Ya kitaplar değişiyor,
Ya sınav sistemleri,
Ya sil baştan eğitim sistemi değişiyor,
Ya da sistemin isimleri,
Öss… Kpss… Lys…
Sbs…Üds… Ygs…
Ales… Teog… Vs…
Sistemin…
Sınavın…
Düzenin ve konseptin adını ne koyarsan koy,
Çarpık yapı düzeltilmedikçe,
Tam bir travma.
*
Yaptık mı bir düzenleme,
Oldu mu?
Olmadı.
Olsun kalan sağlar bizimdir.
İyi de faturayı ödeyenlerin durumu ne olacak?
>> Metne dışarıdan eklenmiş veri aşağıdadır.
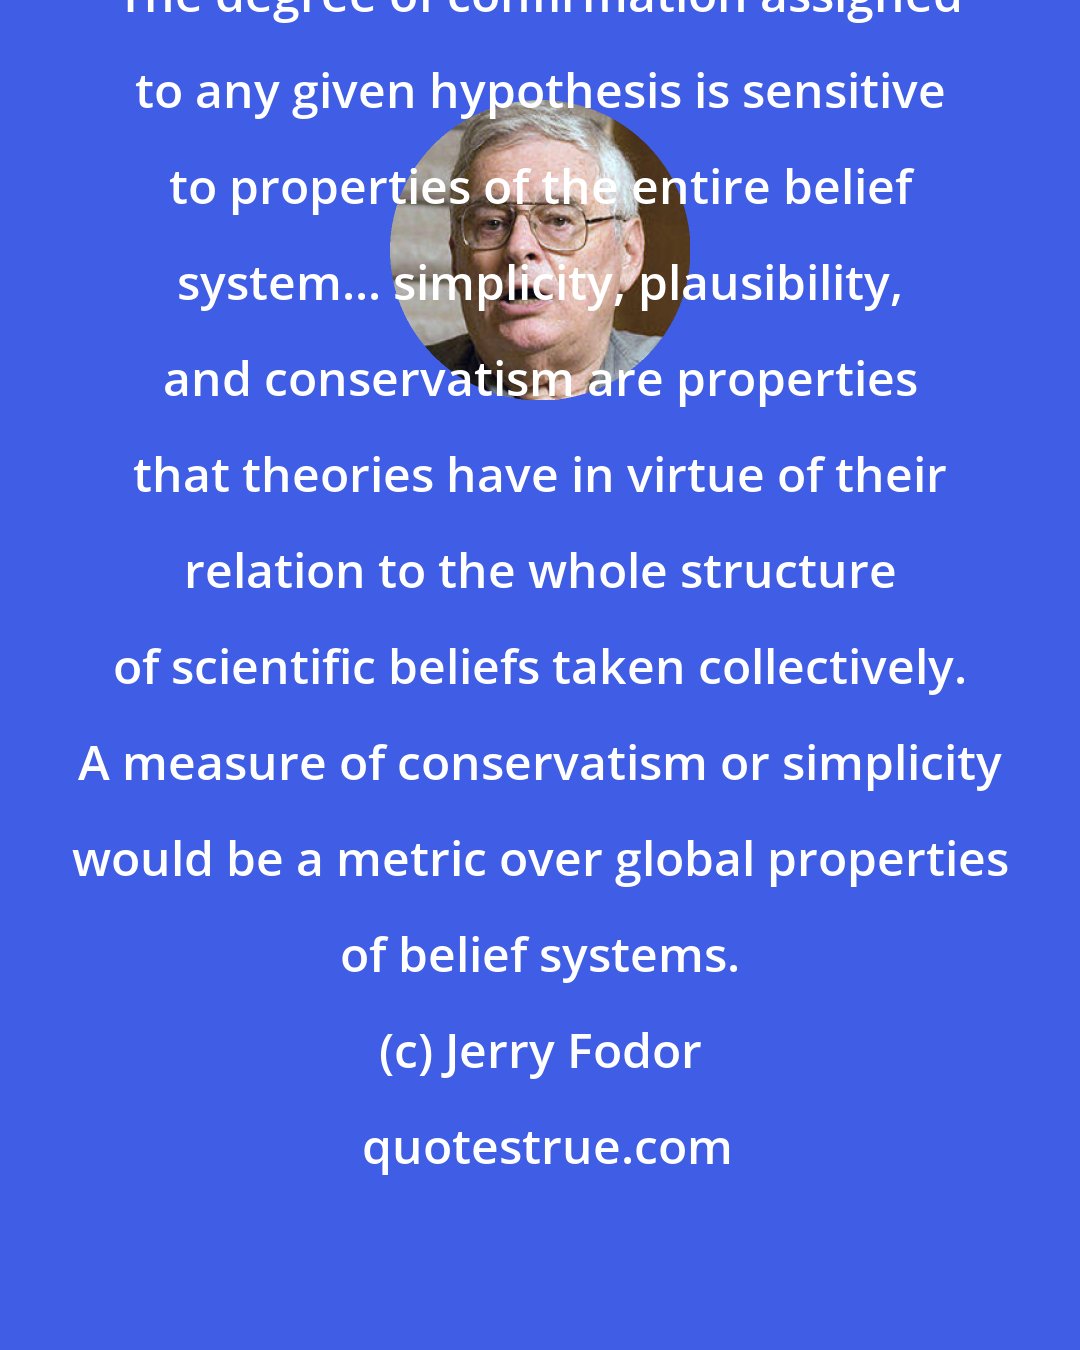 Jerry Fodor: The degree of confirmation assigned to any given hypothesis is sensitive to properties of the entire belief system... simplicity, plausibility, and conservatism are properties that theories have in virtue of their relation to the whole structure of scientific beliefs taken collectively. A measure of conservatism or simplicity would be a metric over global properties of belief systems.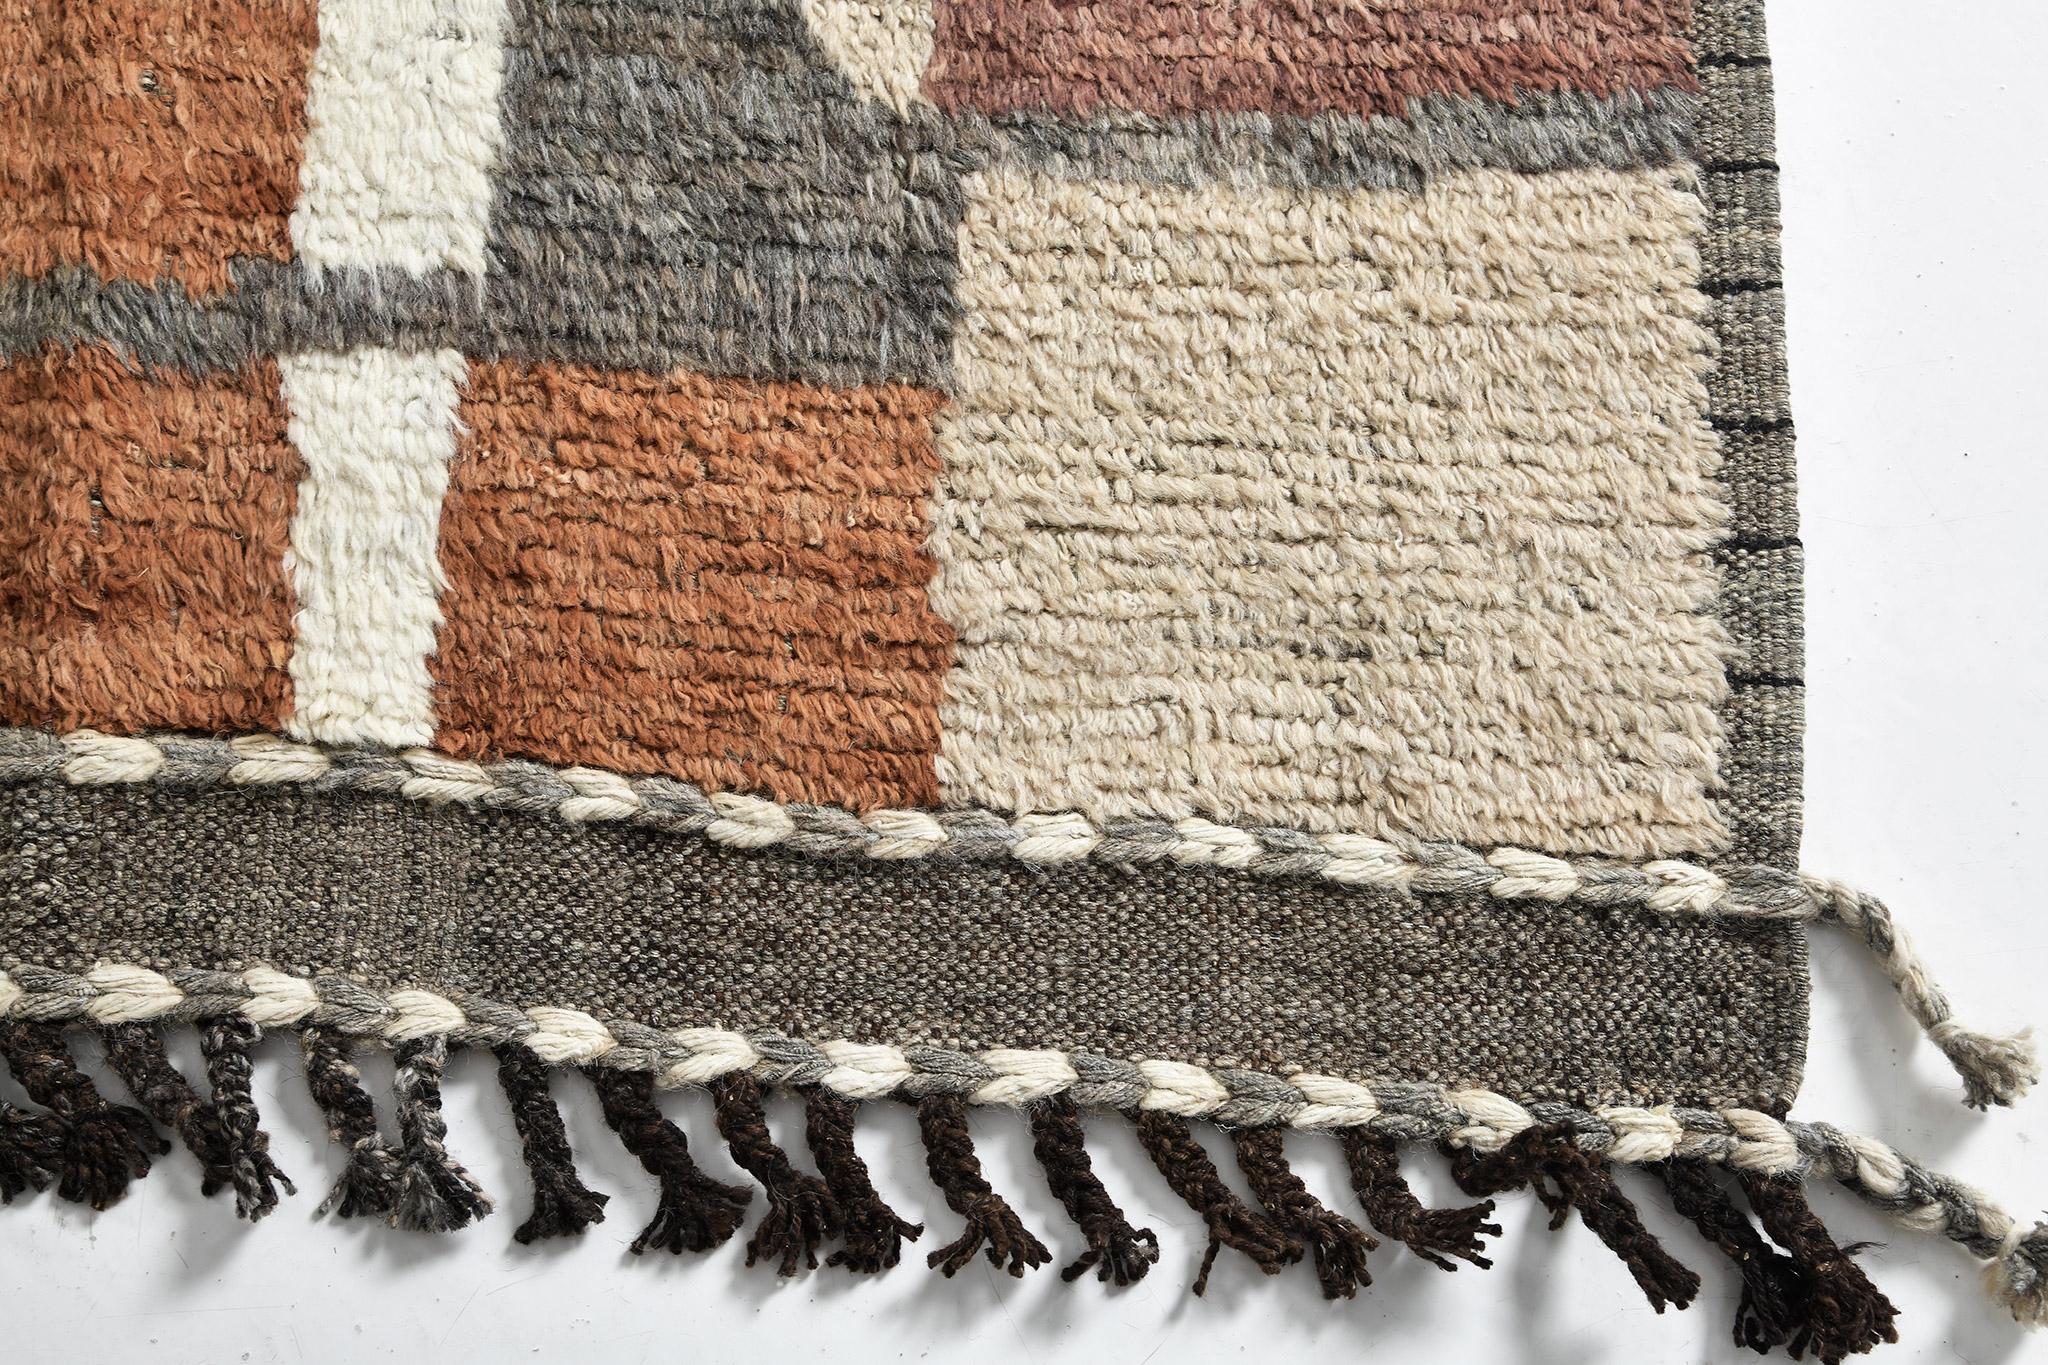 Lijzara' is a multicolored luxurious wool masterpiece. Its weaving of vibrant colors into irregular shapes and its timeless design elements is what makes the Atlas Collection so unique and sought after. Mehraban's Atlas collection is noted for their

O kadarını da onlar düşünsün.
Mesela diyebilirsiniz ki;
5+3 olmadı, 4+4+4 yapalım.
Mesela diyebilirsiniz ki;
ÖSS olmadı, onu da YGS yapalım.
SBS olmadı, LYS yapalım.
LES olmadı, ALES yapalım.
Eeee….
Durun durun unutmadan,
Düz lise olmadı, bunu da Anadolu lisesi yapalım.
Tamam, yapalım da sonuç?
Sonuç ortada;
Üniversite sınavlarında hala ter döken 2,5 milyon öğrenci.
*
Eğitime ciddi ve samimi olarak eğilmeyen iktidarlar,
Çocuk ve gençleri sınav kurbanı eden sistemler,
Siyasi hesaplara kurban edilen öğrenciler,
İlköğretimden itibaren dirsek çürüten çocuklar var olduğu sürece,
İstediğin kadar lise,
İstemediğin kadar üniversite,
Yap-boz yöntemiyle adı değişen bir sürü sınav başlığın olsa ne yazar?
*
Yani demem o ki,
Matematik formülleri…
Fizik, kimya şifreleri…
Biyoloji terimleri…
Edebiyat cümleleri…
Genel kültür söylemleri falan derken,
Bakarız, hallederiz, ayarlarız söylemleri,
“Kolu kırar, yeni içinde saklarız” deyişleriyle,
Sadece ve sadece,
Kafasını kuma sokmuş “devekuşu” psikolojisi yaşarız.
*
Manzara şu,
Sorunlu bir eğitim yapımız var mı?
Var o zaman çözüm basit.
Eğitime ciddi ve samimi olarak eğilip,
Geleceği inşa yolunda çocukları ve gençleri sınav kurbanı etmeden,
Eğitim sistemimizin sorunlarını çözme yolunda,
Siyasilerin “meslek içi uygulayıcısı” insanların seslerini duyması!
Hepsi bu.
Sınava girecek tüm gençlere başarı dileklerimizle.